Speaker 2:Yep . No, absolutely. A lot of ground to cover there, but I appreciate your thoughts. I want to talk a bit about ethics as well. I know that's another key issue , uh, surrounding ai. So I'd like to get your perspective on , uh, what the, what ethical considerations must be taken into account when using AI in healthcare? Uh, what are your thoughts on that, Vanessa?
Speaker 3:Sure , Jen . I , I'd say, you know, obviously AI is introducing new risks as Carolyn mentioned, because the autonomous nature of the technology, and in some cases , it's being used to , um, perform tasks or inform decisions, automate decisions, and then make predictions. So the ability to easily scale AI enabled decision making can introduce new risks, and these are obviously the most significant and sensitive areas. So if a provider is using AI to augment and automate decision making and processes in a clinical trial or for medical decision making , then the patient might be at risk if the AI hasn't been properly validated. So , uh, what we've seen is that providers and AI companies are examining ways to use AI responsibly, and they're proposing transparent and public principles to which they will adhere. There's been 28 healthcare provider and payer organizations that have made voluntary commitments to develop AI solutions that optimize healthcare delivery and payment by advancing health equity, expanding access and making healthcare more affordable, and then improving outcomes and patient experiences. And they are working to ensure that these outcomes are aligned with the faves principles, which are fair, appropriate, valid, effective, and safe. There's also the deployment of trust mechanisms and ensuring that there's a risk management framework work that's been put in place. And a little bit later when we talk about health equity, I can get into some of the National Institute of Standards and technology publications and some of their recommendations about , uh, responsible development of AI and ensuring that biases are not posing harms to humans.
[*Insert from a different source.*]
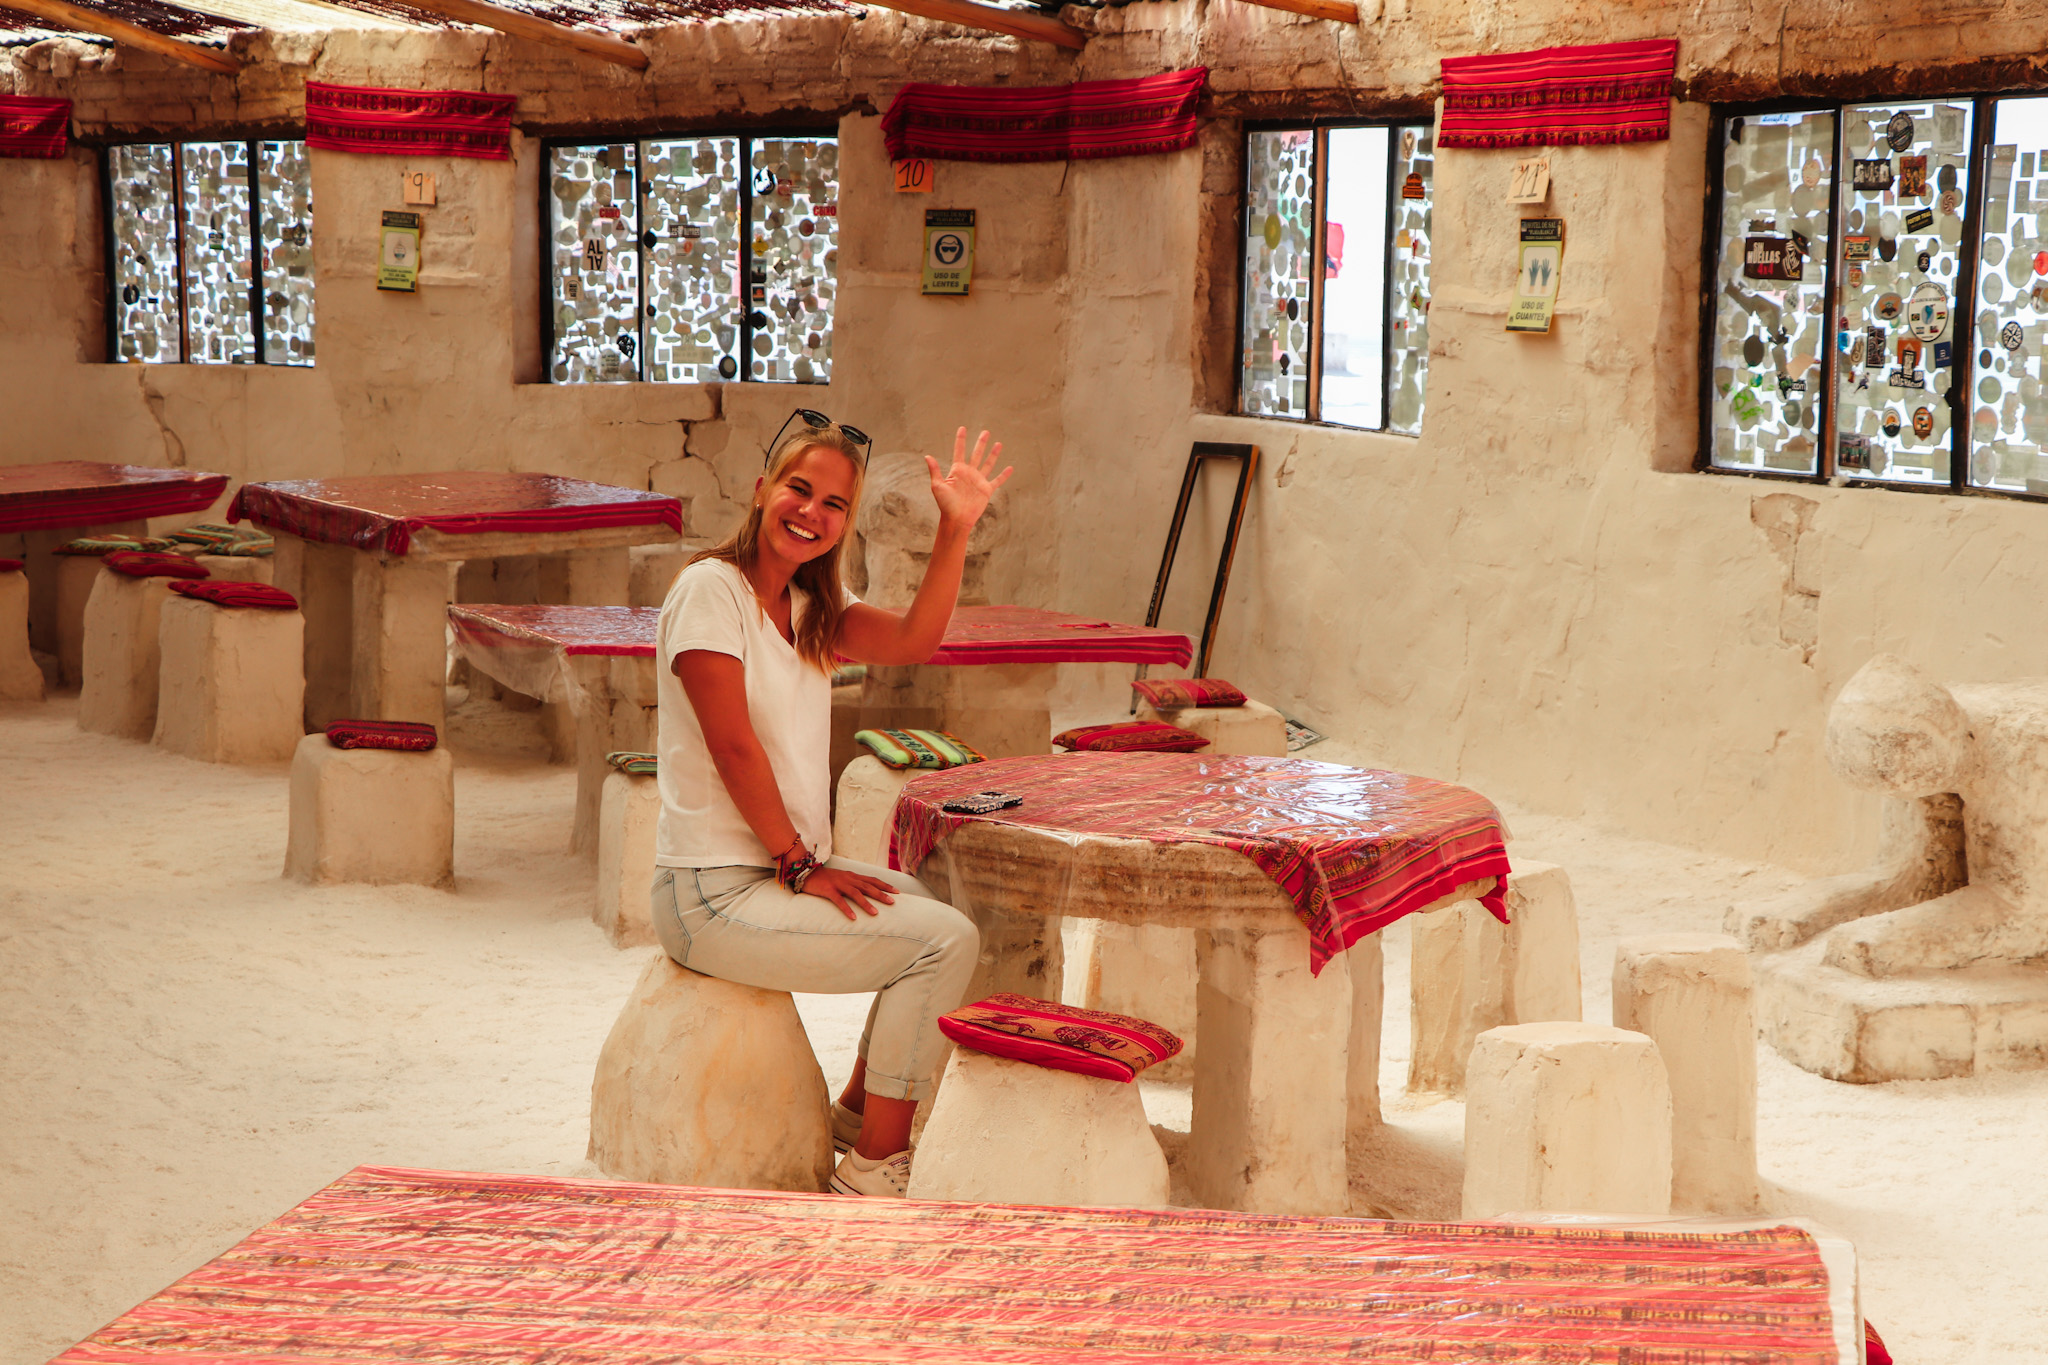 Uyuni Travel Guide: In the hotels in Salar de Uyuni everything is made out of salt blocks - walls, tables and even beds

Speaker 2:Great . Thanks. Let's do , uh, maybe talk further about health, health equity right now, if you don't mind. What would you say folks can do, organizations that are implementing ai, how can they best address issues of health equity from your perspective, Vanessa?
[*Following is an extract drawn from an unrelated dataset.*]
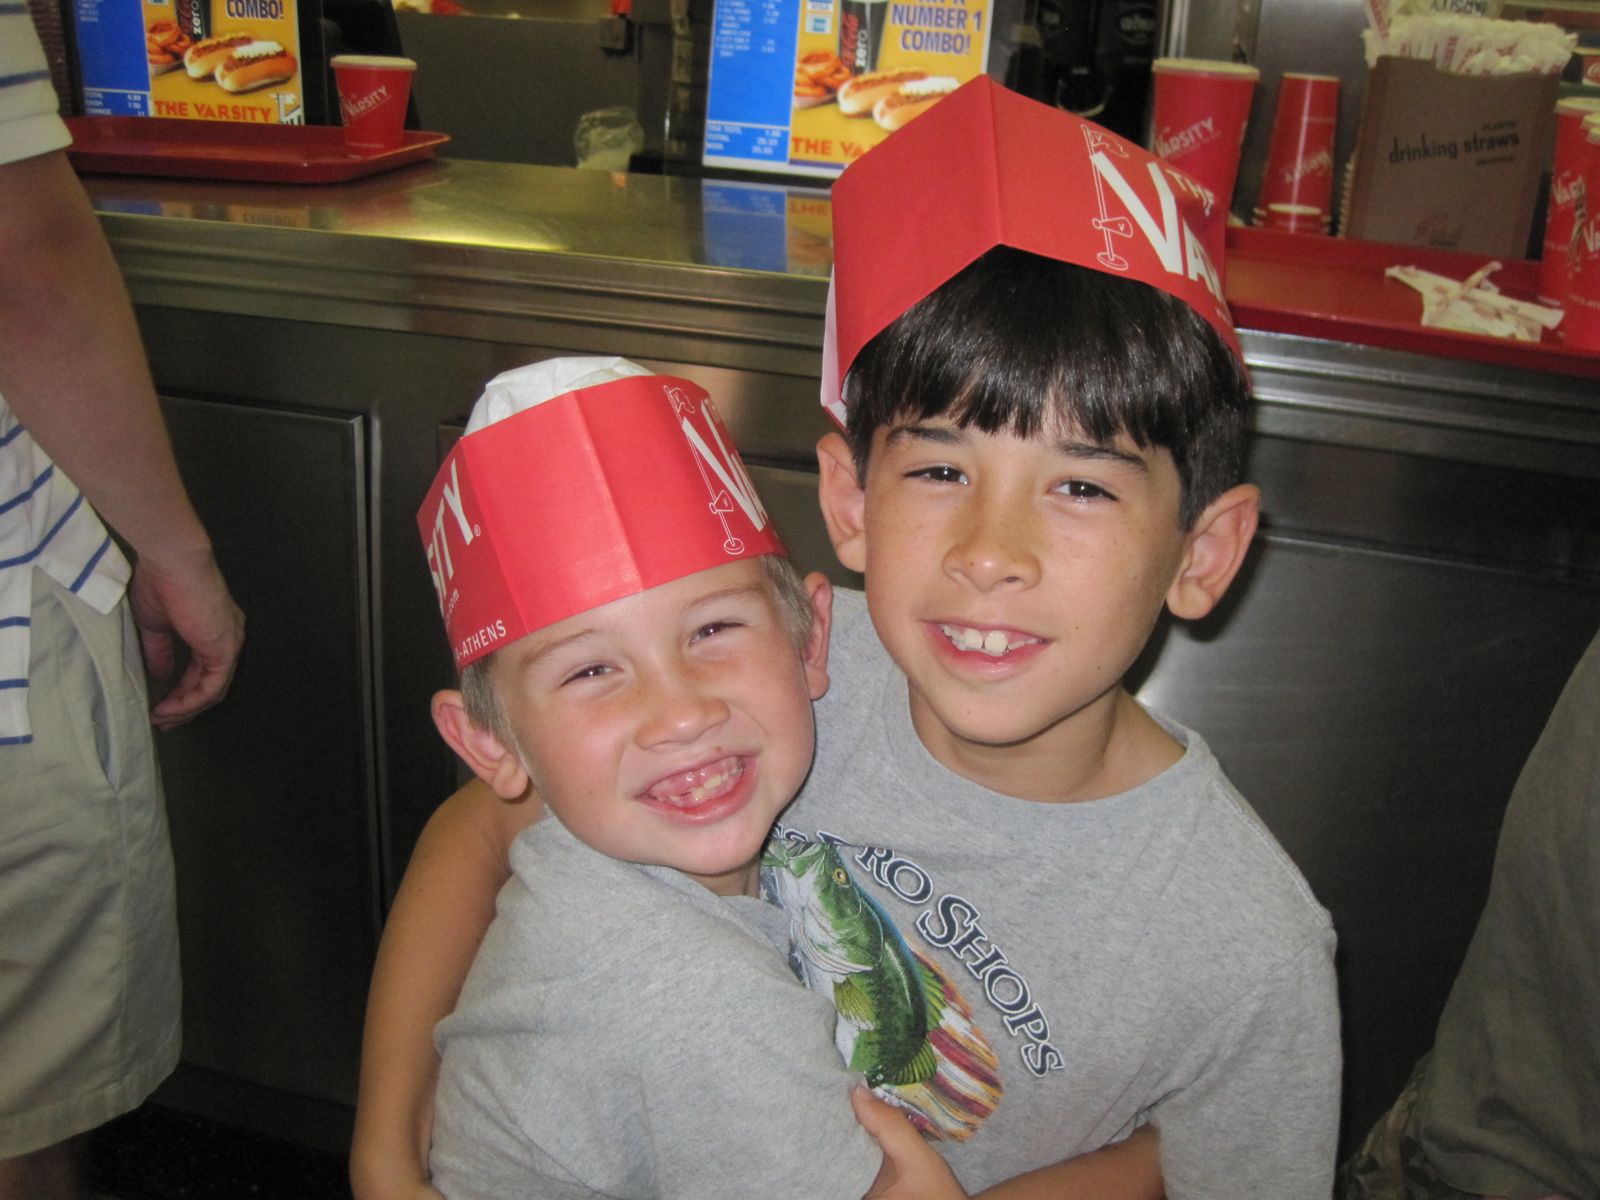 The paper hats are available to anyone. The kids enjoyed wearing them ...

Speaker 3:Sure. Yeah. I think the first thing is to be aware that AI can amplify biased and discriminatory decision making . So AI could perform reliably, it could malfunction, it can generate insights , uh, that are difficult to interpret or explain. And there's the potential to cause direct harm to individuals and groups. So those who are implementing AI need to , uh, you know, consider certain standards or recommendations. Uh , for example, that , uh, fitness has put out , um, there's a special publication called 1270 that's aimed at identifying and managing biases in ai. So this publication dis discusses systemic biases, for example, a historical bias or a societal or institutional bias. And , uh, being aware of these publications and, and using their mechanisms that they've set forward, I think will go a long way to ensuring that health equity is considered when AI is implemented, and that , uh, biases and errors , uh, are not posing harms to humans. So NIST recommends that providers and other entities have to use a broad lens to look for the sources of their biases beyond just the processes and data that are used to train ai. So in addition to the systemic biases, we have human biases like group think , and then we have statistical and computational biases, such as errors that occur if a sample's not representative. Um, so if you have a sample that doesn't have a true distribution of the population, and then it's being used as a training dataset or for the development of ai, you're more likely to have a biased outcome , um, from that , uh, because of that dataset that's been used to train the ai, the NIST publication also , uh, points out that we need to recognize social biases such as inequities that can result in suboptimal outcomes for certain groups. And there's this really great health fairs article that kind of describes this in detail where , um, people were trying to help , um, understand how certain outcomes could be improved, but the actual outcomes that were recommended were the opposite of what would've resulted in improvements. So just, you know, being aware that , um, as you're using AI to try to address health equity that you're considering biases , um, in all forms that are going into the ai.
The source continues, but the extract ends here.